Popcorn! Peanuts! Most people indulge in a concession treat at some point in their lives, and someone is in charge of making sure the customer receives good service. That person is called the concession manager. Like managers in general, the concession manager must monitor both people and supplies, all while watching the bottom line. Even though you're around people having fun while you manage concessions, there is still work to do. You can expect several responsibilities as a concession manager.
Ordering Food and Supplies
Because you deal with food, making sure the concession is well stocked before events is a critical part of your job. Connected with ordering food is ensuring food safety by regularly checking expiration dates and food temperatures. Edible items won't be the only orders you place, as you must also restock serving items like plates, plastic ware and straws. Your customers won't be very happy with you if they have to eat their Coney dog without a plate -- so you have to stay on top of all of your supplies.
Most managers are in charge of people at some level, and this is also the case for a concession manager. Besides monitoring attendance and shelling out discipline to unruly staff, you are also in charge of training. For smaller establishments, concession managers arrange and conduct their own training. For larger operations you may train one person to take charge of passing that information on to all of the other employees -- but be prepared to give some form of training regardless of the concession's size.
Excited fans sometimes get disruptive, so be prepared to handle customer complaints, legitimate or not. Concessions also tend to be considered expensive, and you may receive arguments about the cost of items or about certain rules of your establishment. Some stadium concessions require procedures like removing the caps of water bottles so they can't be thrown onto the field, therefore be ready to back up company procedure. It takes patience, but you may shine as a concession manager if you can keep your cool.

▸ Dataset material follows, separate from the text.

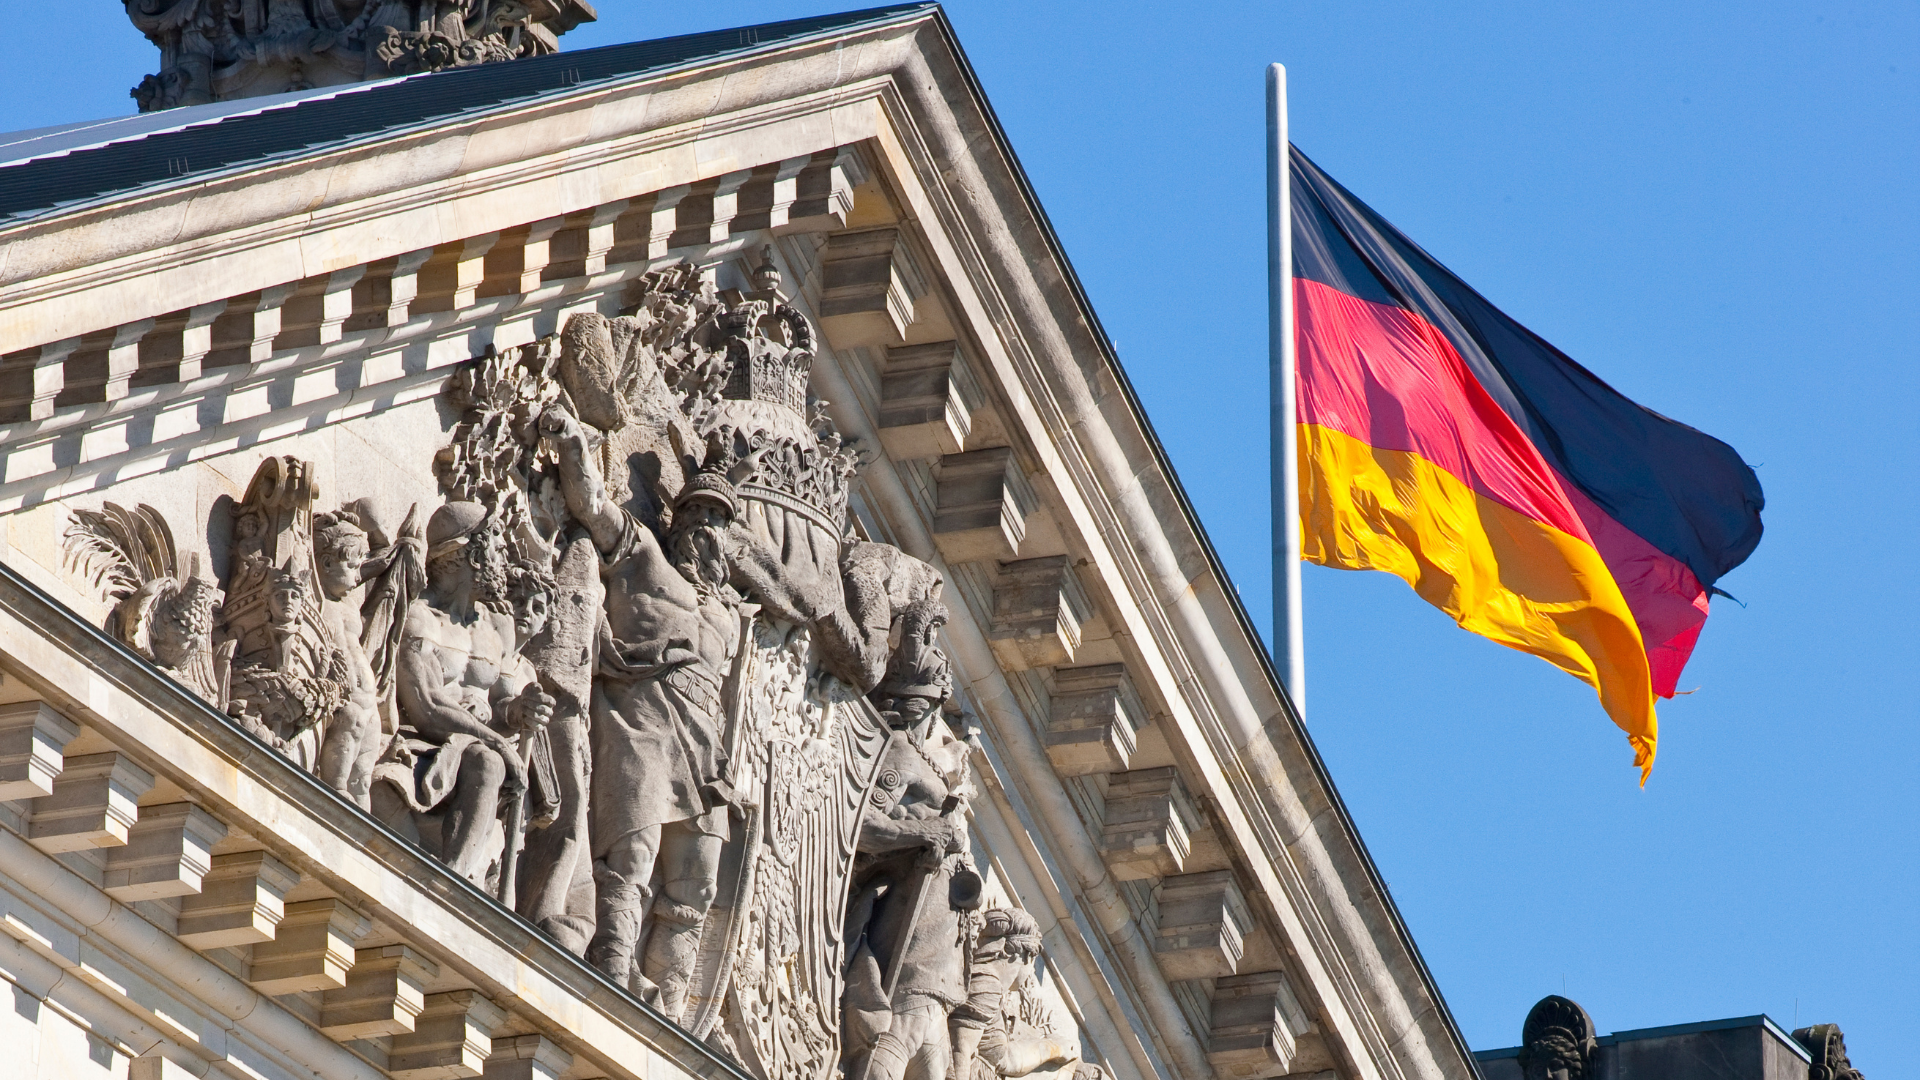 Bedaffair groeit naar Duitsland met de Nederlandse Ambassade

Managers must watch the financial bottom line of their individual operation to be successful. You will most likely follow a budget and monitor the cost of items when ordering or negotiate with suppliers to stay within budget. Keeping food and beverage loss to a minimum is important to your budget as well. In addition to providing solid training to your staff members, properly maintaining equipment and hiring efficient employees helps this goal and, ultimately, the concession's bottom line.